But if the Lord’s day did not fall the next morning after the fourteenth moon, but on the sixteenth, or the seventeenth, or any other moon till the twenty-first, he waited for that, and on the Saturday before, in the evening, began to observe the holy solemnity of Easter. Thus it came to pass, that Easter Sunday was only kept from the fifteenth moon to the twenty-first. Nor does this evangelical and apostolic tradition abolish the Law, but rather fulfil it; the command being to keep the passover from the fourteenth moon of the first month in the evening to the twenty-first moon of the same month in the evening; which observance all the successors of the blessed John in Asia, since his death, and all the Church throughout the world, have since followed; and that this is the true Easter, and the only one to be celebrated by the faithful, was not newly decreed by the council of Nicaea, but only confirmed afresh; as the history of the Church informs us. (Bede, Ecclesiastical History, 25)

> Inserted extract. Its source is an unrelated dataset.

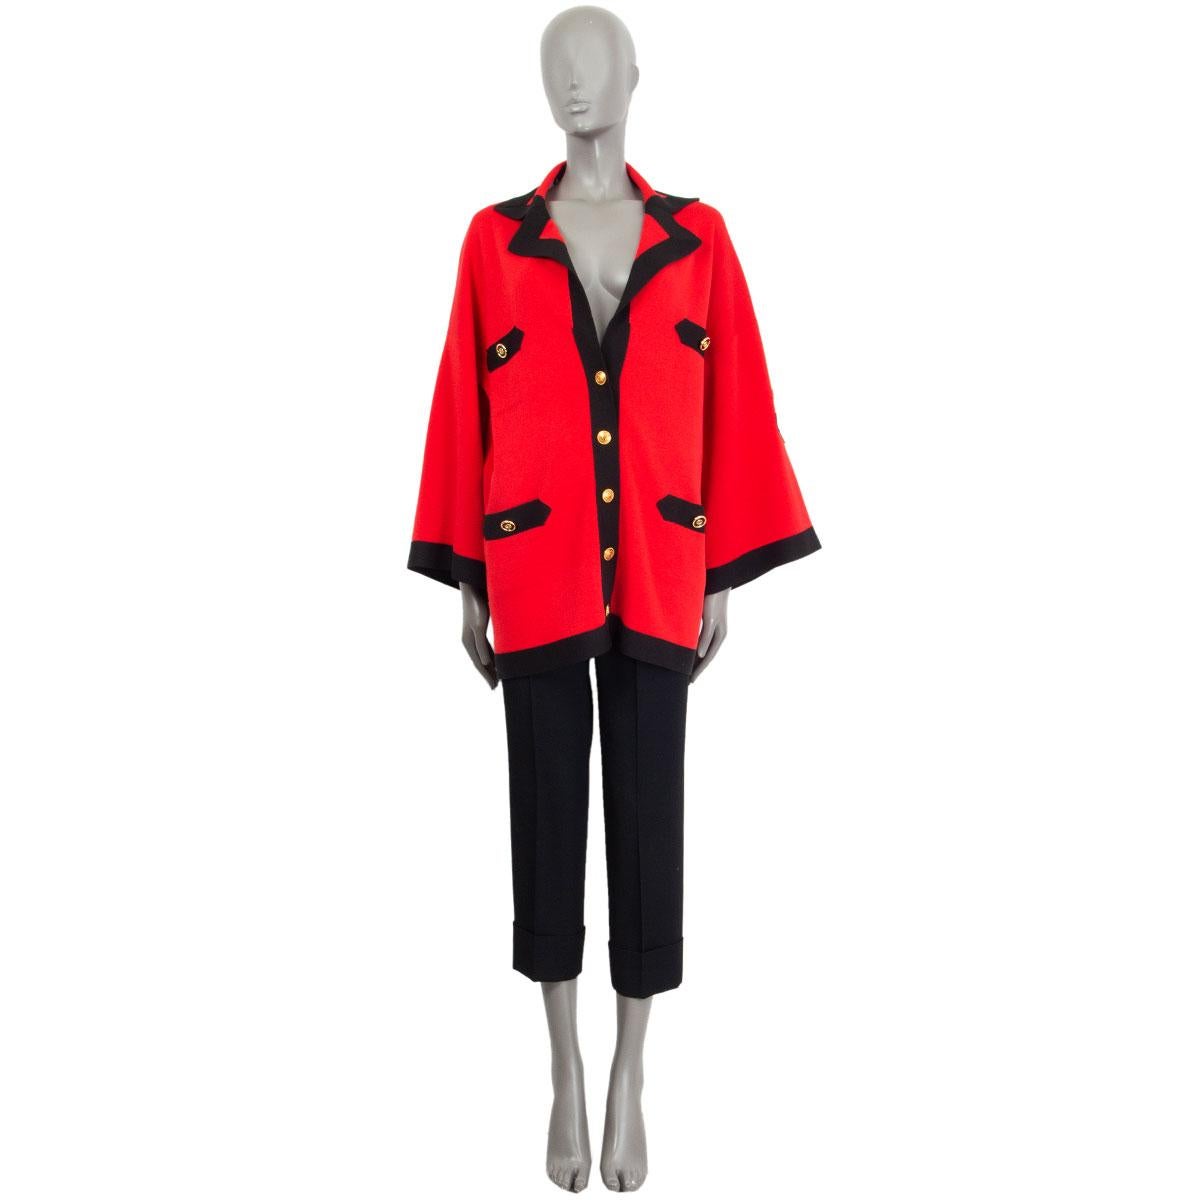 100% authentic Gucci anchor patch cardigan in red silk (61%) and cotton (39%) with black trim. Features an oversize fit, drop shoulders, four slash pockets that close with rounded gold and black buttons with GG-logo. Closes with a button fastening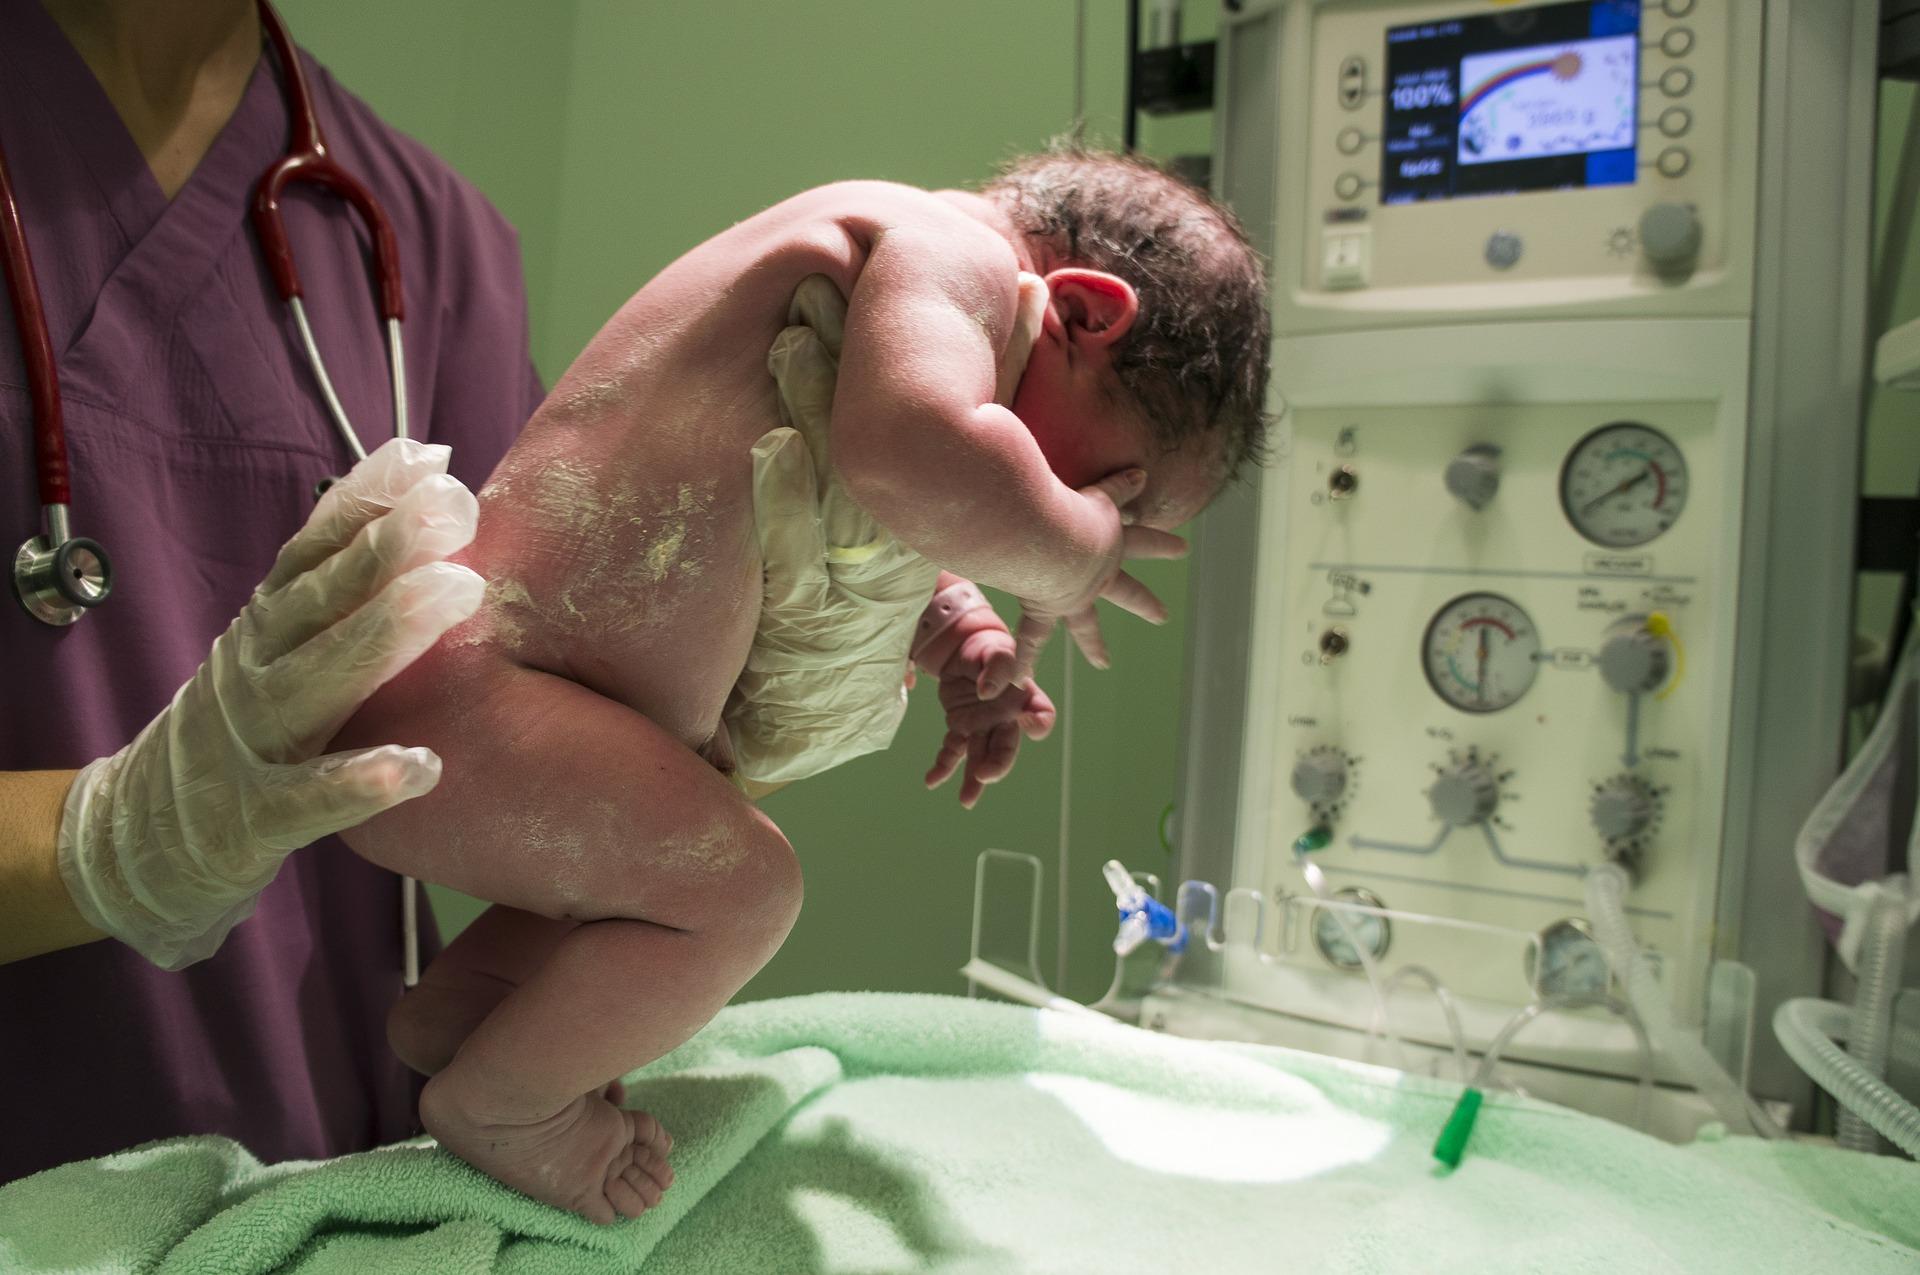 Baby born with strange 5-inch human ‘tail’ with ball at the end

The important thing to notice here is that there is absolutely no notion of trying to accommodate earlier pagan festivals or to try and line up the date with heathen commemorations. Rather, the argument revolves entirely around an actual historical date and the way in which certain churches calculated the dating of the fixed date of Pascha. Additionally, the Roman argument clearly has nothing to do with an potential English deity, and the Scottish argument attempts to appeal to an even older Mediterranean tradition.
As such, Bede’s etymological aside is merely that; an interesting bit of historical speculation, but hardly the foundation upon which to construct a Christian mythstory.